# Cats sign Sessions and Augustin signs w/ Pacers



## Diable (Apr 26, 2005)

An upgrade I suppose. Hard to know what to think until we see the numbers. Sessions is really a backup and this doesn't make a huge difference. At least he is a legit point guard, which is something we really did not have. I would expect DJ to shoot better on a better team honestly. He has a great stroke.
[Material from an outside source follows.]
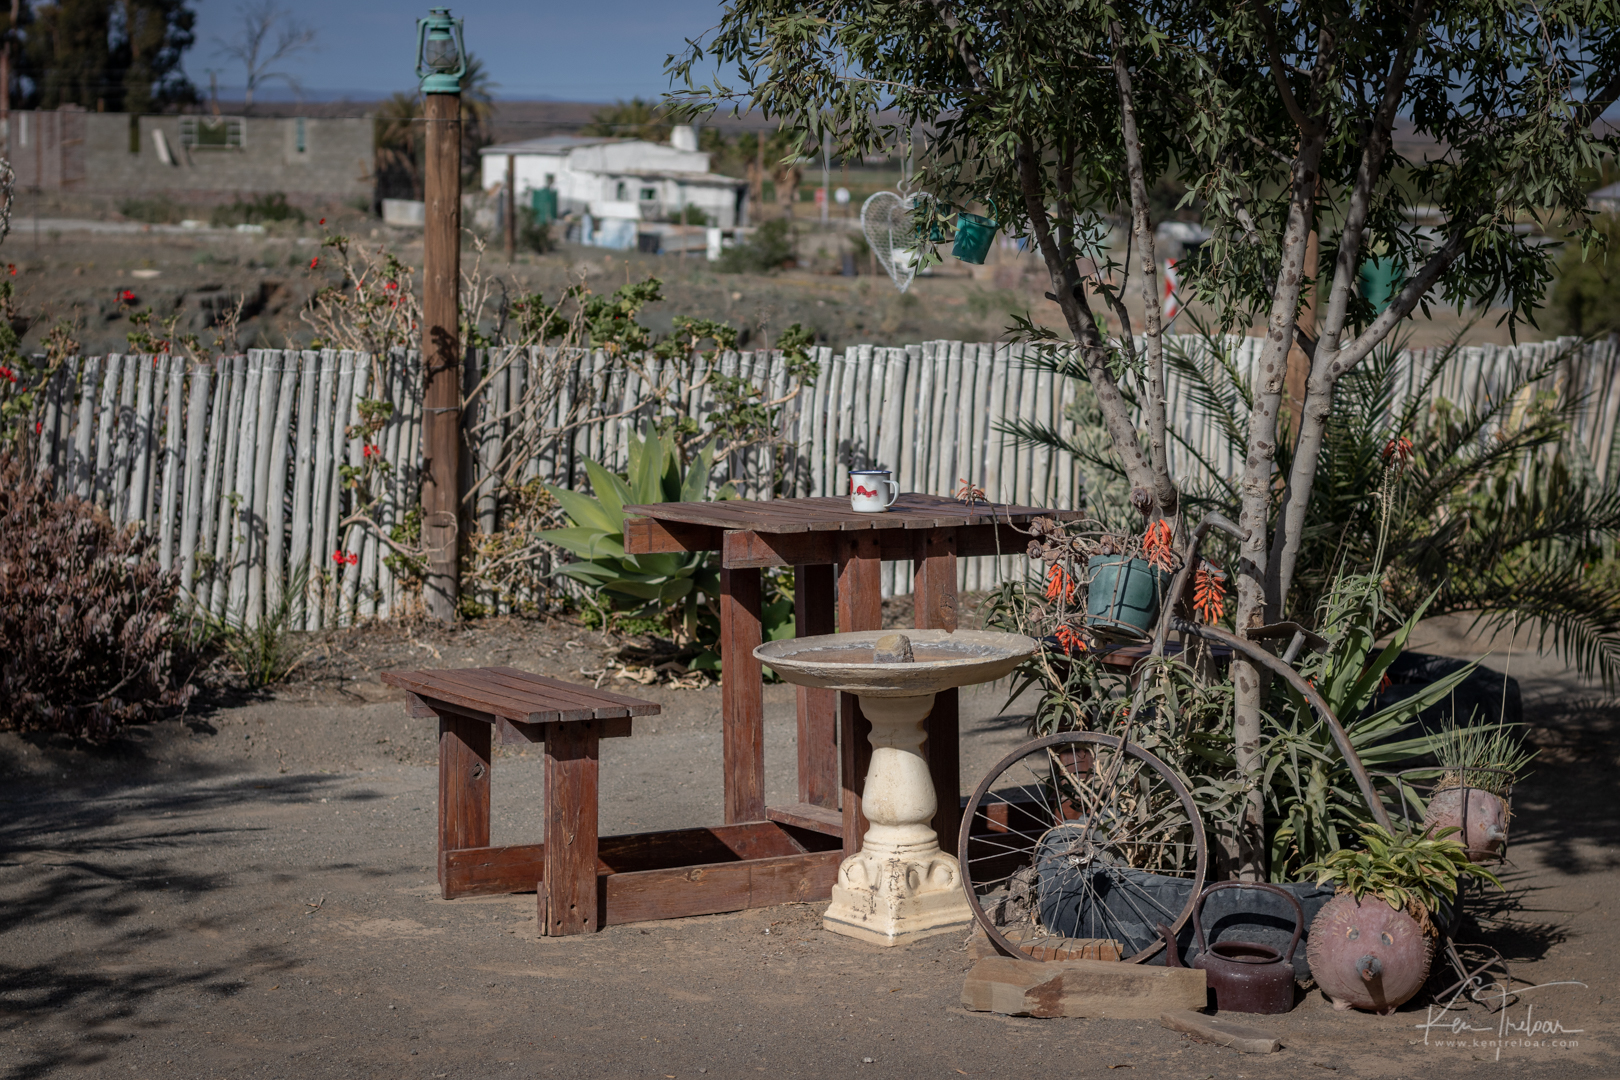 Padstal South Africa, Gamka, Prince Albert, Western Cape, N1 - by Ken Treloar Photography-4.jpg

> The Charlotte Bobcats have an agreement in principle to sign veteran point guard Ramon Sessions, an informed source told the Observer Thursday.
> A contract signing is expected soon, as Sessions was traveling Thursday and unavailable to finish paperwork. The Observer first reported the Bobcats’ interest in signing Sessions Wednesday night.
> Sessions, a native of Myrtle Beach, will be playing for his fifth NBA team. The 6-foot-3 point guard has averaged 11.1 points and five assists over his NBA career, shooting 45 percent from the field.
> 
> ...


http://www.cbssports.com/nba/blog/eye-on-basketball/19572433/report-pacers-sign-dj-augustin


> D.J. Augustin went from being a restricted free agent for the Charlotte Bobcats to a point guard for the Indiana Pacers in about an hour.
> After signing Ramon Sessions, the Bobcats removed Augustin's qualifying offer Thursday afternoon signaling something was coming. And it did as the Pacers have signed Augustin to a one-year $3.5 million deal, according to the Indy Star.
> The Pacers completed a trade on Wednesday sending point guard Darren Collison to the Mavericks in exchange for center Ian Mahinmi. Indiana already has re-signed point guard George Hill to a multi-year deal, but obviously is looking for more depth.
> Augustin, 24, was drafted ninth overall by the Bobcats in 2008. Last season he averaged 11.1 points, a career-high 6.4 assists and 2.3 rebounds per game.
> ...


----------